March, 20 2009, 05:11pm EDT

ACLU to Present Oral Arguments in Case of Prominent Muslim Scholar Barred From US
Groups Say Tariq Ramadan Was Denied Entry on the Basis of His Political Views
NEW YORK
The
American Civil Liberties Union will present arguments before a federal
appeals court Tuesday in the case of a Swiss professor and leading
scholar of the Muslim world who was denied entry to the United States
based on his political views. Professor Tariq Ramadan was invited to
teach at the University of Notre Dame in 2004 but the U.S. government
revoked his visa, citing a statute that applies to those who have
"endorsed or espoused" terrorism. After the ACLU and other
organizations filed suit, the government abandoned its claim that
Ramadan had endorsed terrorism, but it continues to exclude him because
he made small donations to a Swiss charity that the government alleges
has given money to Hamas. The ACLU will argue that the government's
exclusion of Ramadan was motivated not by anything he did but by his
vocal criticism of U.S. foreign policy.
"By denying visas to prominent foreign scholars and writers simply
because they were critical of United States foreign policy, the Bush
administration used immigration laws to skew and stifle political
debate inside the U.S.," said Jameel Jaffer, Director of the ACLU
National Security Project, who will argue the case for the plaintiffs.
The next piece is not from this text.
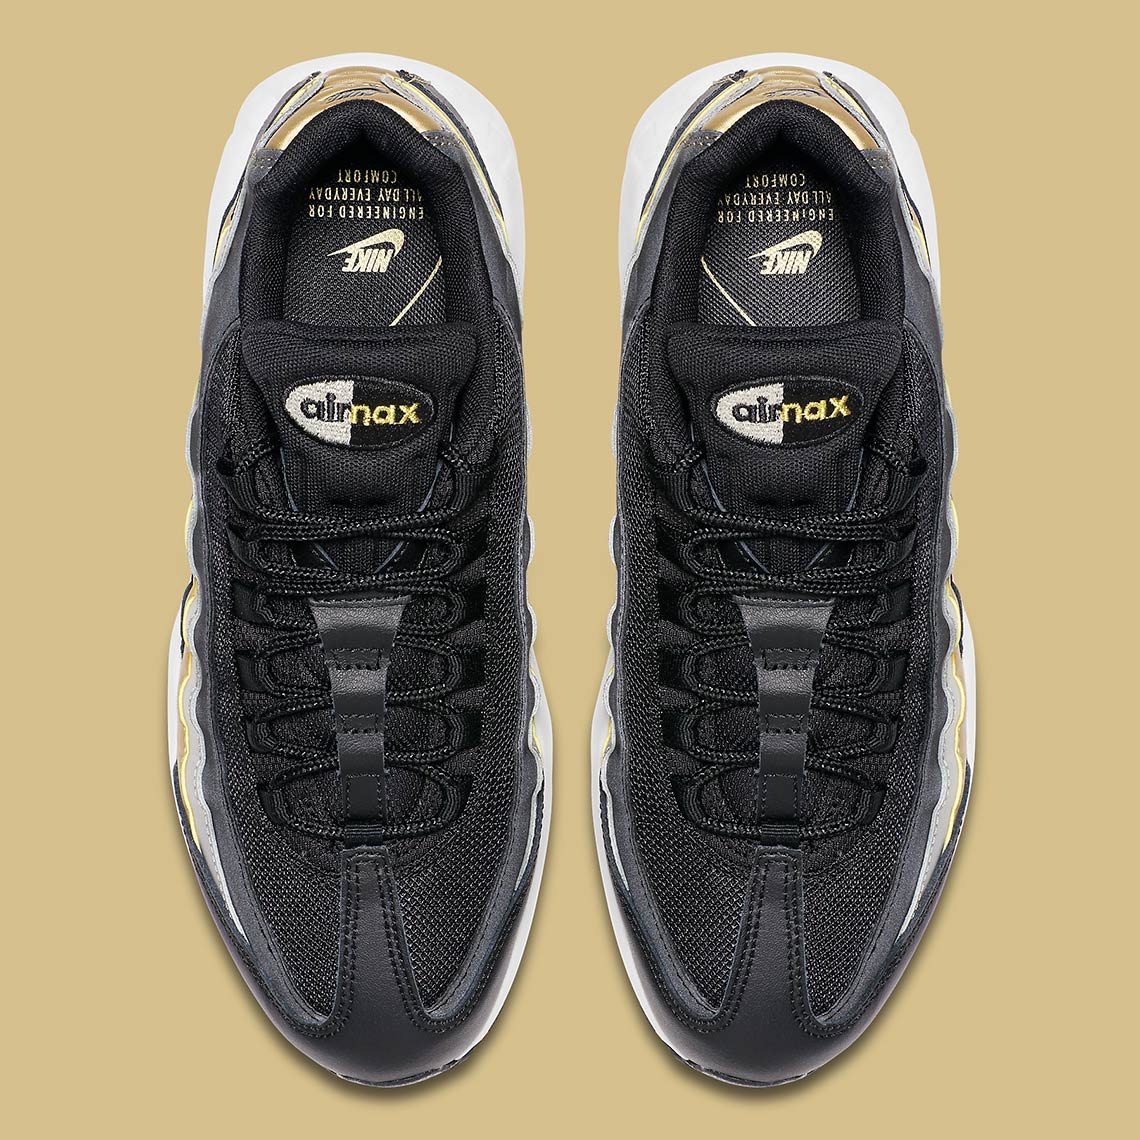 Nike Air Max 95 Metallic Gold + Silver BQ4554-001 | SneakerNews.com
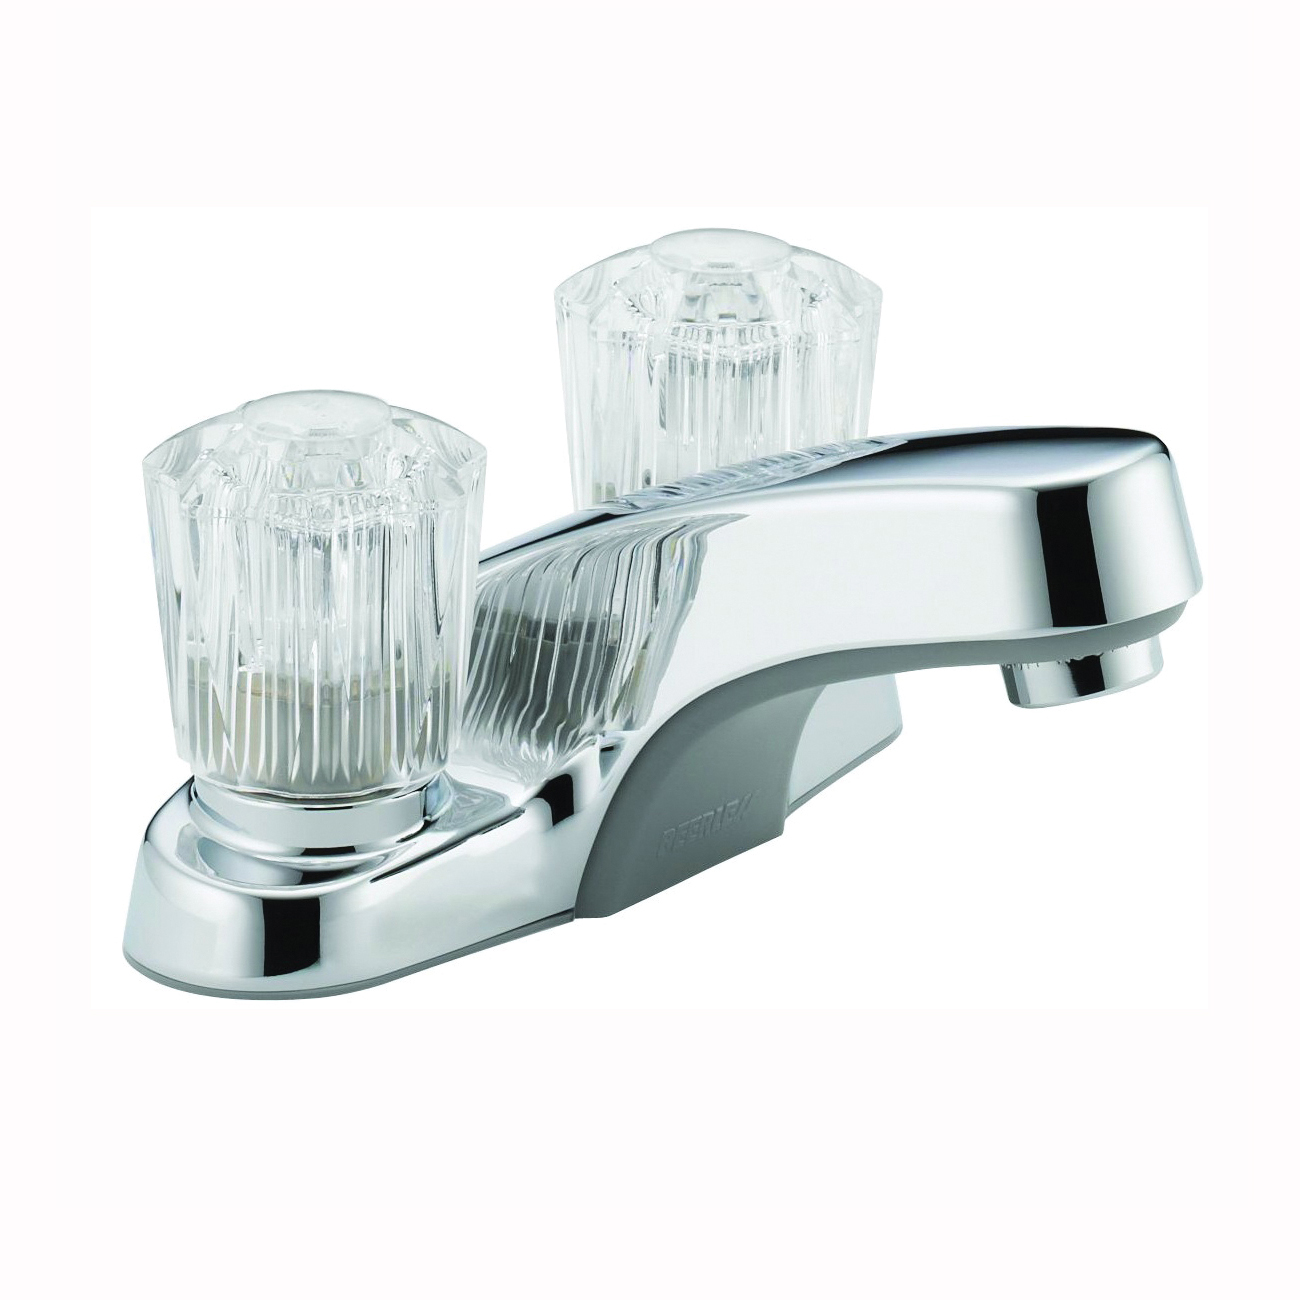 P240LF Bathroom Faucet, 1.2 gpm, 2-Faucet Handle, Chrome Plated, Knob Handle, Standard Spout

"While the government has an interest in excluding people who present a
threat to the country, it doesn't have any legitimate interest in
excluding foreign nationals simply because of their political views.
The Bush administration was wrong to revive this Cold War practice, and
the Obama administration should not defend it."
The appeal stems from a January 2006
lawsuit challenging Professor Ramadan's exclusion filed by the ACLU and
the New York Civil Liberties Union on behalf of the American Academy of
Religion, the American Association of University Professors and the PEN
American Center. A federal judge wrongly upheld the exclusion in
December 2007.
WHAT:
Oral arguments in American Academy of Religion v. Napolitano, a challenge to the exclusion of Professor Tariq Ramadan from the U.S. on the basis of his political views.
WHO:
Jaffer will argue the case before
Judges Wilfred Feinberg, Jon O. Newman and Reena Raggi of the U.S.
Court of Appeals for the Second Circuit. Attorneys on the case are
Jaffer, Melissa Goodman, Lucas Guttentag and Judy Rabinovitz of the
ACLU, Arthur Eisenberg of the NYCLU, and New York immigration lawyer
Claudia Slovinsky. The lawsuit was originally brought against
then-Department of Homeland Security Secretary Michael Chertoff and
then-Secretary of State Condoleezza Rice.
WHEN:
Tuesday, March 24, 2009
10:00 a.m. EDT
WHERE:
Daniel Patrick Moynihan U.S. Courthouse
Ceremonial Courtroom, 9th Fl.
500 Pearl Street
New York, NY 10007
More information about the Ramadan
case, the history of ideological exclusion, and the ACLU's separate
lawsuit concerning the exclusion of South African scholar Adam Habib is
available online at: www.aclu.org/exclusion
The American Civil Liberties Union was founded in 1920 and is our nation's guardian of liberty. The ACLU works in the courts, legislatures and communities to defend and preserve the individual rights and liberties guaranteed to all people in this country by the Constitution and laws of the United States.